Mlliyet Milliyet Blog Milliyet Blog
 
Facebook Connect
Blog Kategorileri
 

29 Mayıs '12

 
Kategori
Tarih
 

Yere Batan Sarnıcı, & Yere Batan Sarayı

 Tarihî Yarımada'nın ortasında bulunan Yerebatan Sarnıcı, M.S 542 yılında Bizans İmparatoru I. Justinianus (527–565) tarafından Büyük Saray'ın su ihtiyacını karşılamak üzere yaptırılmıştır.

Suyun içinden yükselen mermer sütunların arasındaki ihtişamından dolayı halk tarafından Yerebatan Sarayı olarak da anılmaktadır.

Yabancı kaynaklarda geçen Basilika (Basilica) isminin ise sarnıcın yakınında bulunan Ilius Basilikası'ndan geldiği rivayet edilir.

Bugün yere batan sarnıcını gezdim. Uzun zamandır niyetlenip gidemediğim, bir hayli de merak ettiğim bir yerdi.

Merakımda haklıymışım.

Görülmesi gereken bir yermiş.

Doğu Roma İmparatorluğunun en parlak devrinde; 6.yy.da İmparator Justunuanus tarafından yaptırılmış.

Uzunluğu 140 m. Genişliği 70 m. Olan sarnıç toplam 9800 m2 bir alana sahipmiş.

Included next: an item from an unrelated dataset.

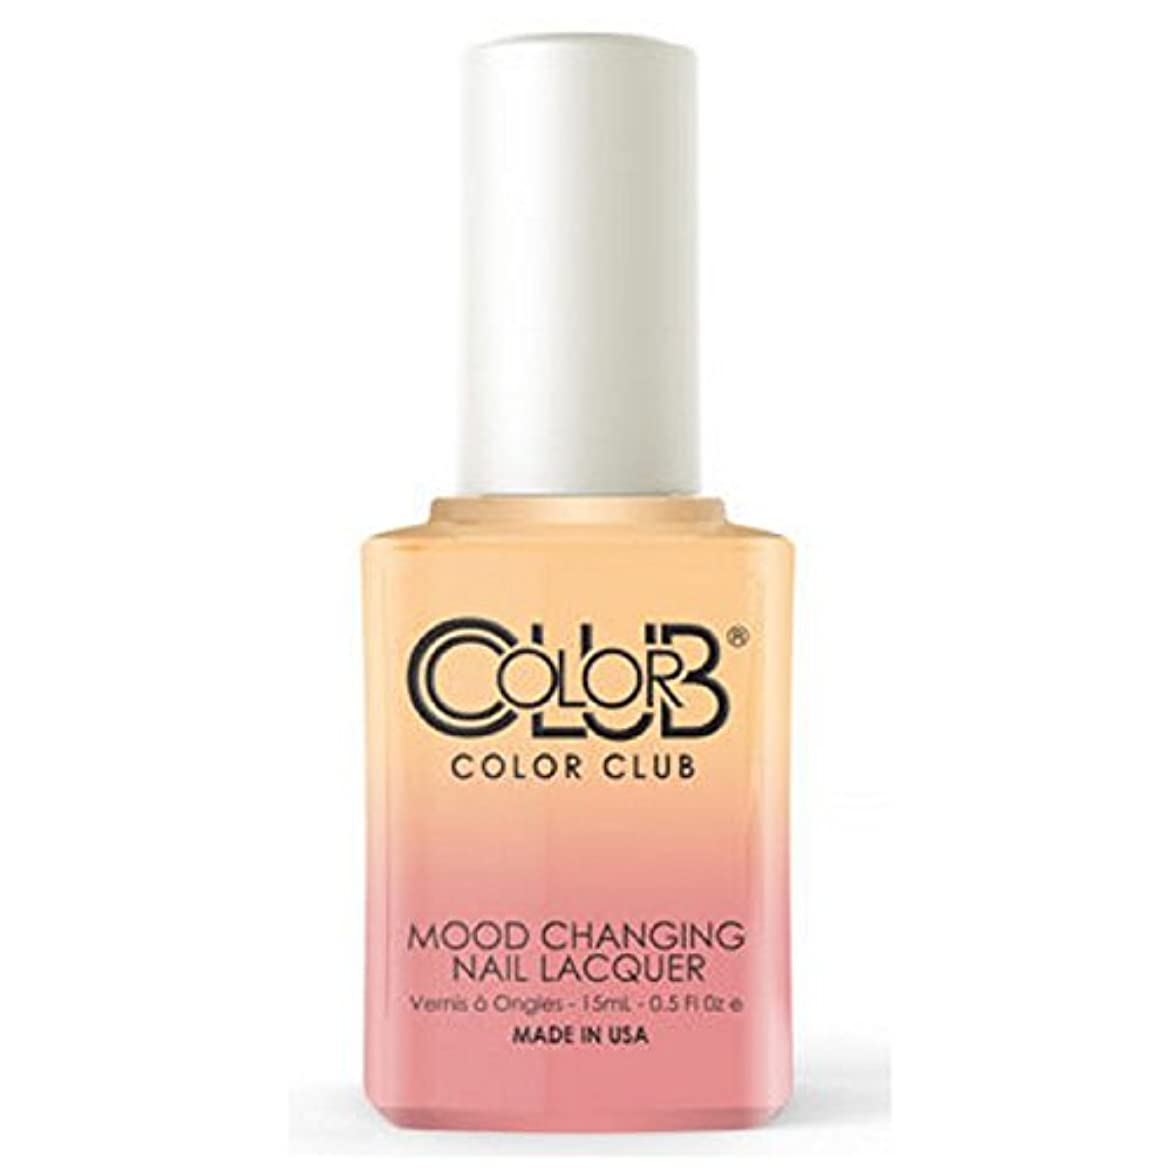 効果的に合併症クリープColor Club Mood Changing Nail Lacquer - Happy Go Lucky - 15 mL / 0.5 fl oz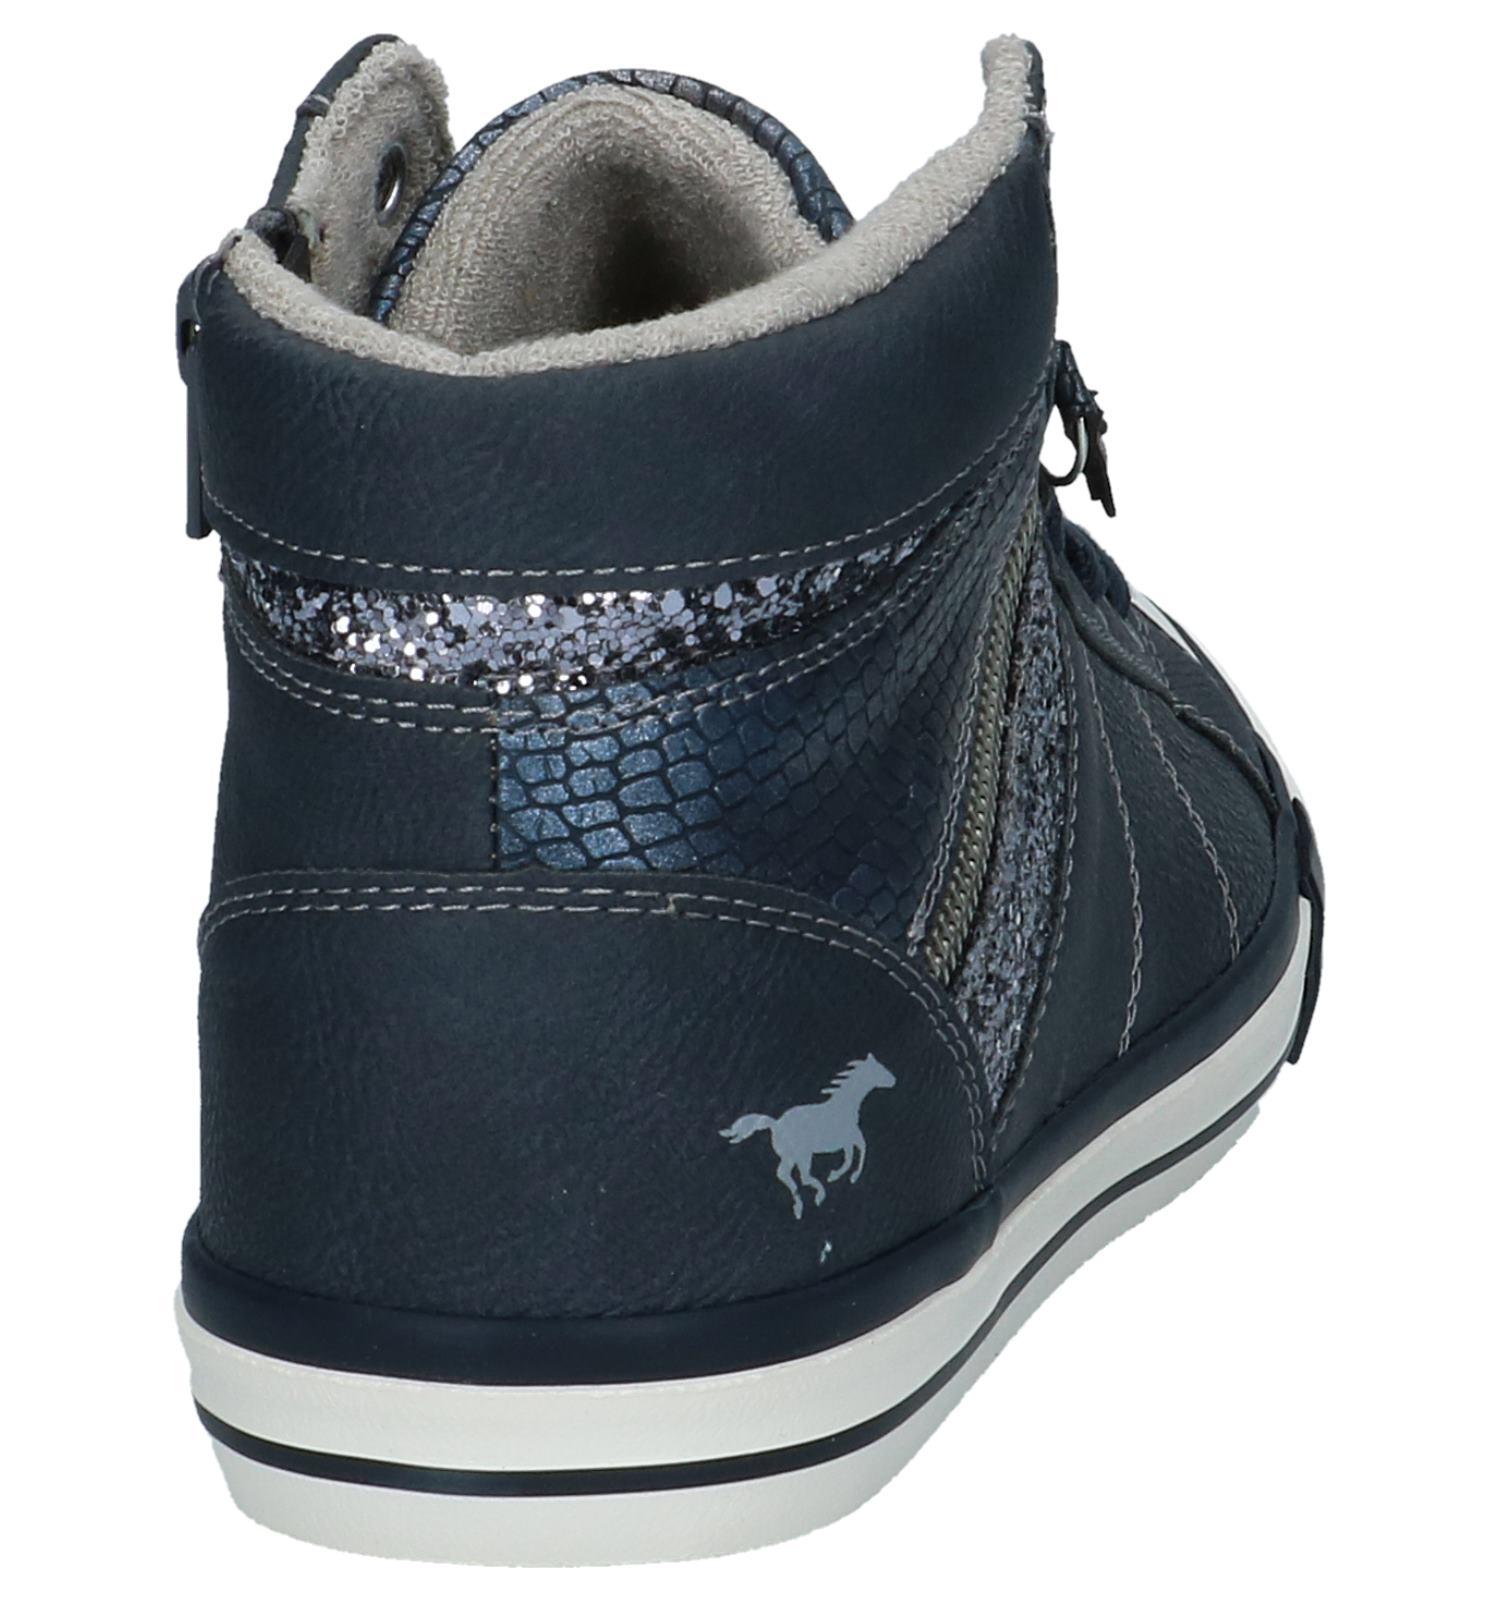 Hoge Geklede Donkerblauwe Sneakers Mustang Ybg6yf7v

Her sırada 28 sütun varmış.

12 sıra halinde yerleştirilmiş.

Birbirinden 4 m 90 cm. aralıklarla dikilmiş.

Toplam 336 adet mermer sütun bulunmaktaymış.

Her sütunun yüksekliği 9 m. imiş…

Bunlar kapıdaki tanıtım levhasında yazılanlardan bir kısmı.

Ben size gördüklerimi ve hissettiklerimi şöyle anlatabilirim.

İlk merdivenlerden indiğinizde gerçekten ürperiyorsunuz.

Birçok filmde gördüğümüz bir yer olmasına karşın gerçekten ürkütücü.

Ben daha yüksek suların olacağını sanıyordum. Çok yüksek değil ama çeşitli balıklar var.

Sütunlar ışıklandırılmış.

İçeri girdiğinizde bir köşe var orası bana enteresan geldi. Tarihi sultan, padişah giysileri ile belirli bir ücret karşılığı resim çektiriyorsunuz. Gördüğüm kadarı ile bayağıda ilgi görüyordu.

Sonra ikinci ilgiyi de Medusa olan sütunlar çekiyordu…

Onun hikayesi de şöyleymiş:

 Sarnıcın kuzeybatı köşesindeki iki sütunun altında kaide olarak kullanılan iki Medusa başı Roma Çağı heykeltraşlık sanatının şaheser örneklerinden biridir.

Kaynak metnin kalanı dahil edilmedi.